* _Action item_: The answer is the full listing below, copied exactly, with its pictures omitted.

* _Stored data_:
****************************************

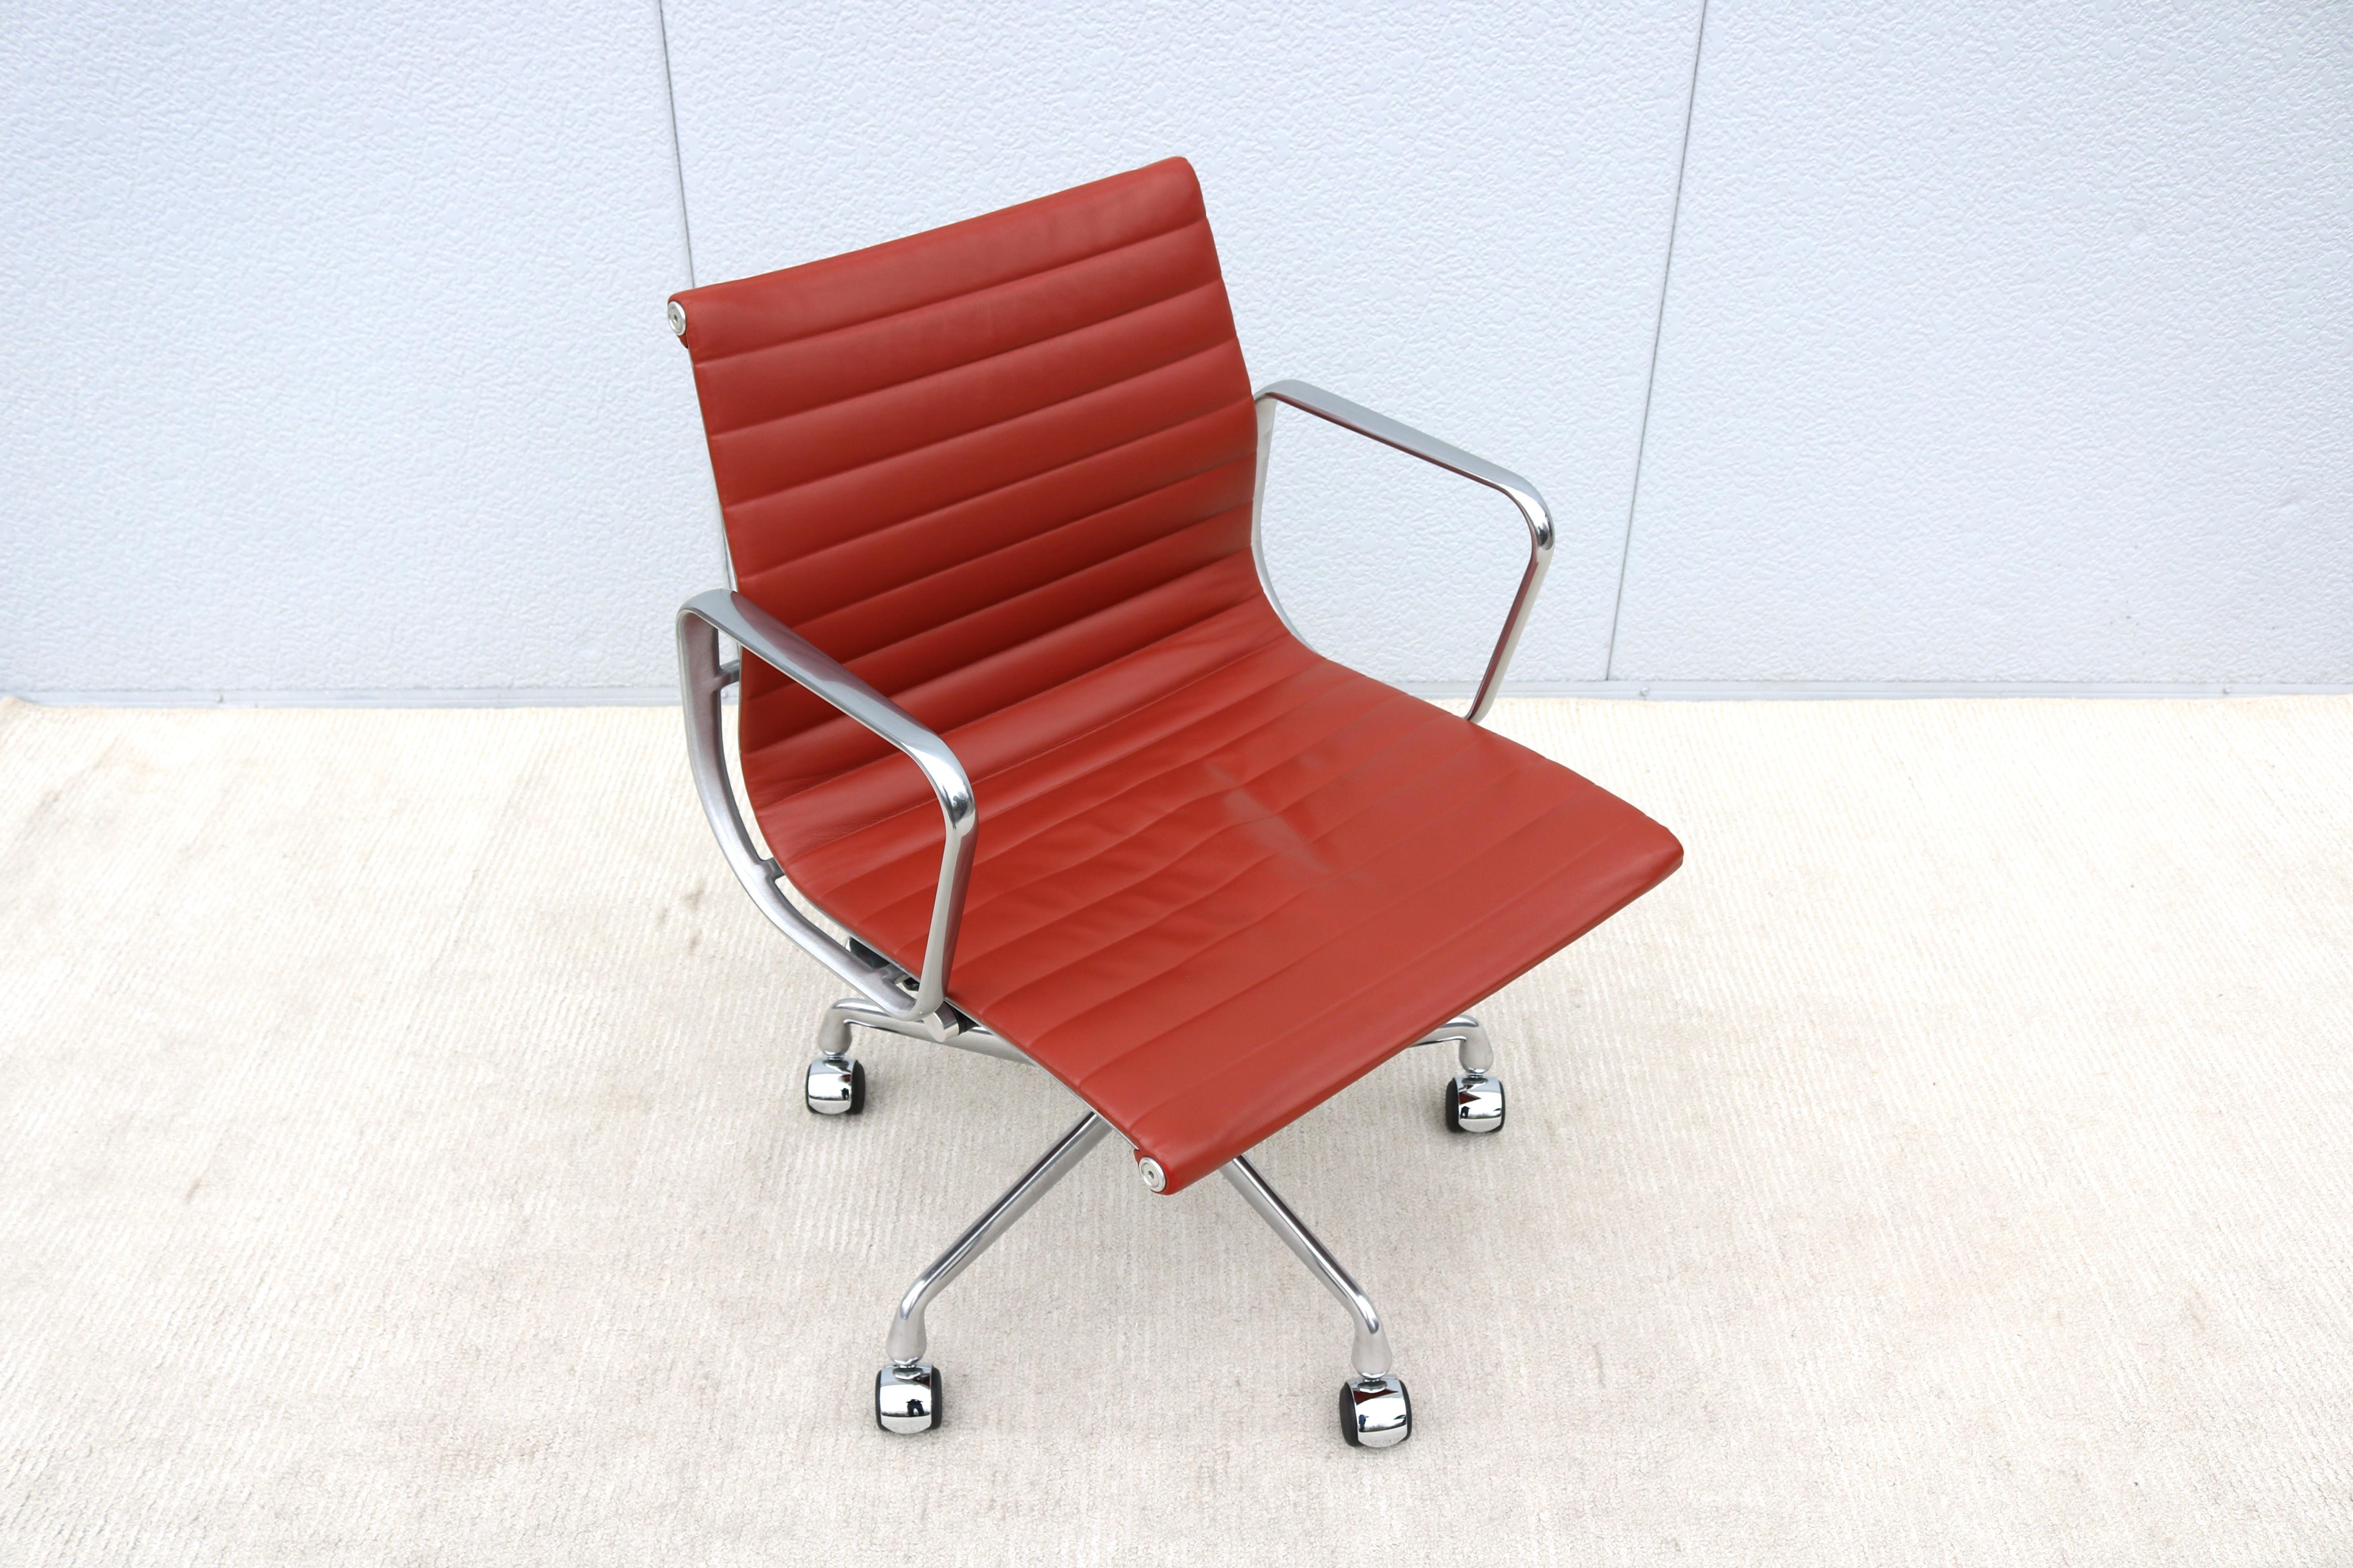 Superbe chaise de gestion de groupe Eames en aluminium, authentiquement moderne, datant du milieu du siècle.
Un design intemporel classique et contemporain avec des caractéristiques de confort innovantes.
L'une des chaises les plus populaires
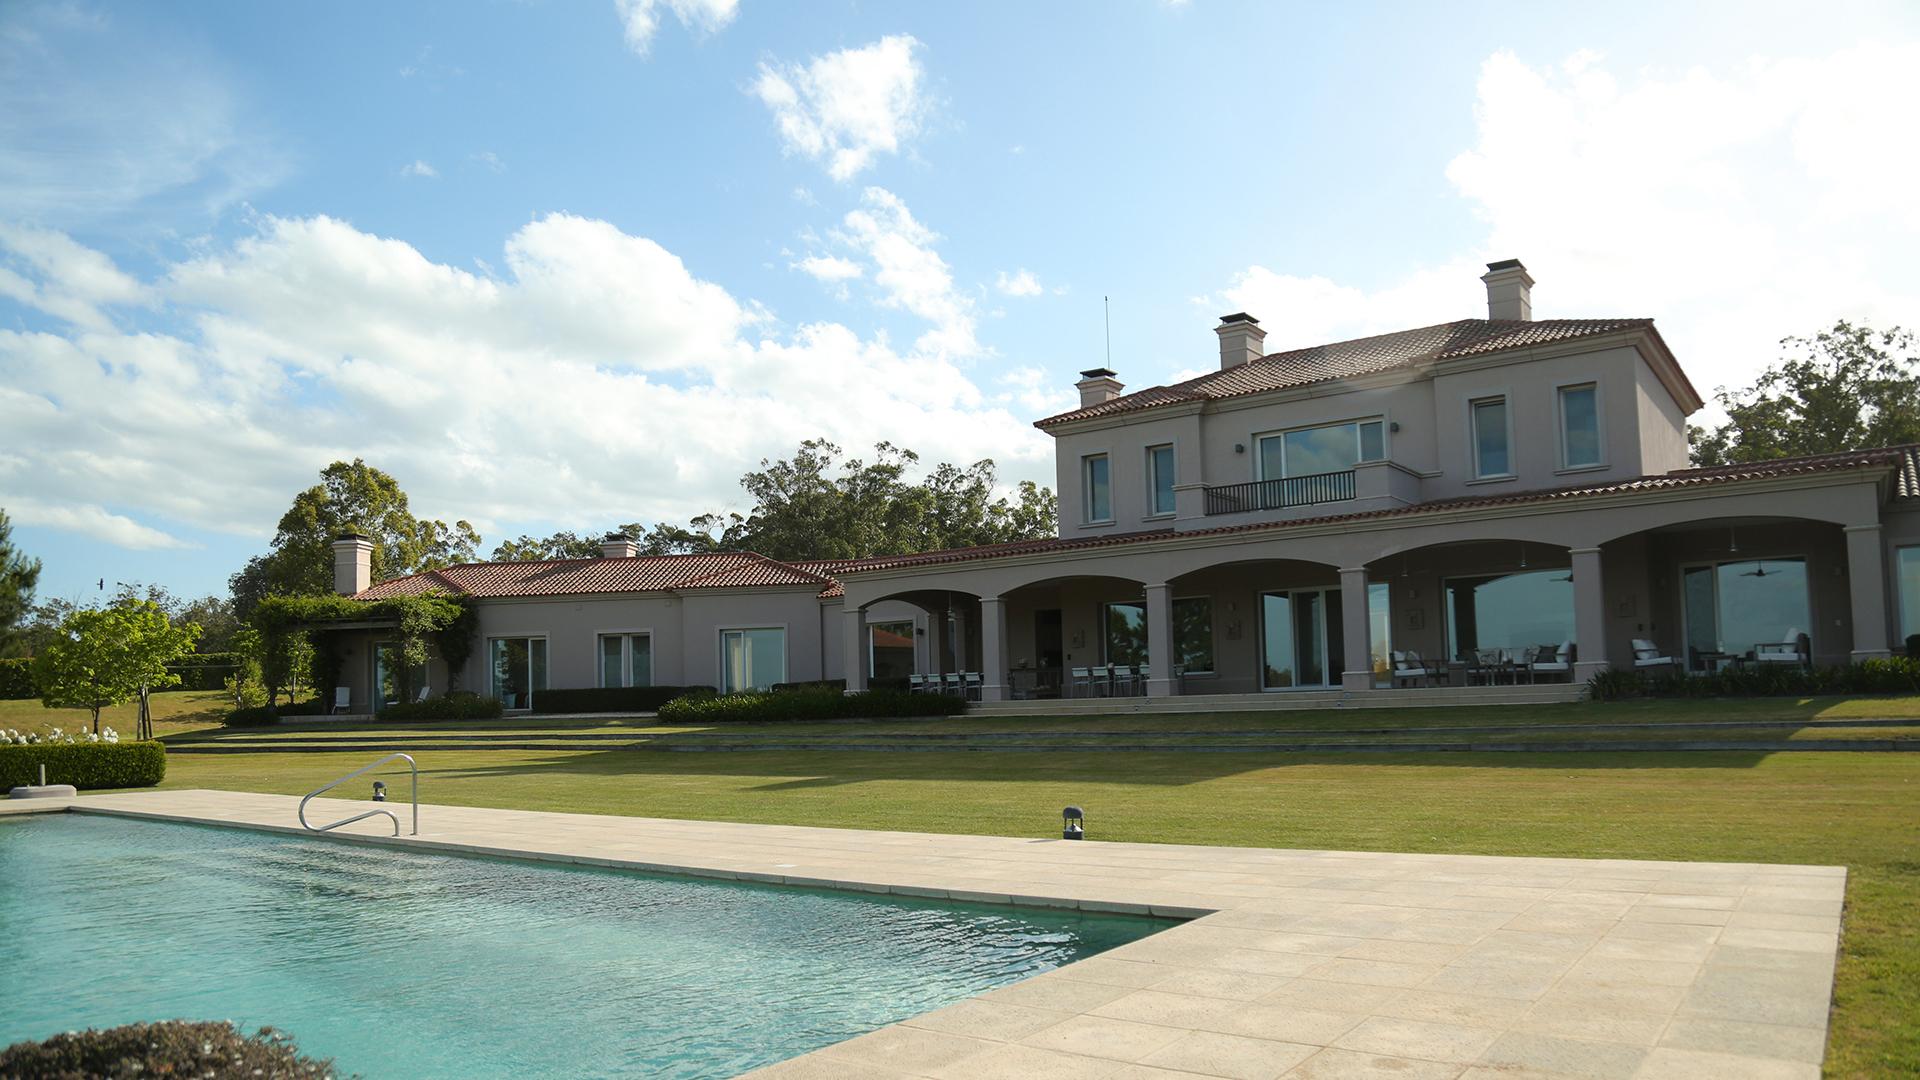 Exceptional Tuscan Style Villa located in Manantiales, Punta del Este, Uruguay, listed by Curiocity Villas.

****************************************

* _Answer box_:
 Superbe chaise de gestion de groupe Eames en aluminium, authentiquement moderne, datant du milieu du siècle.
Un design intemporel classique et contemporain avec des caractéristiques de confort innovantes.
L'une des chaises les plus populaires
 Exceptional Tuscan Style Villa located in Manantiales, Punta del Este, Uruguay, listed by Curiocity Villas.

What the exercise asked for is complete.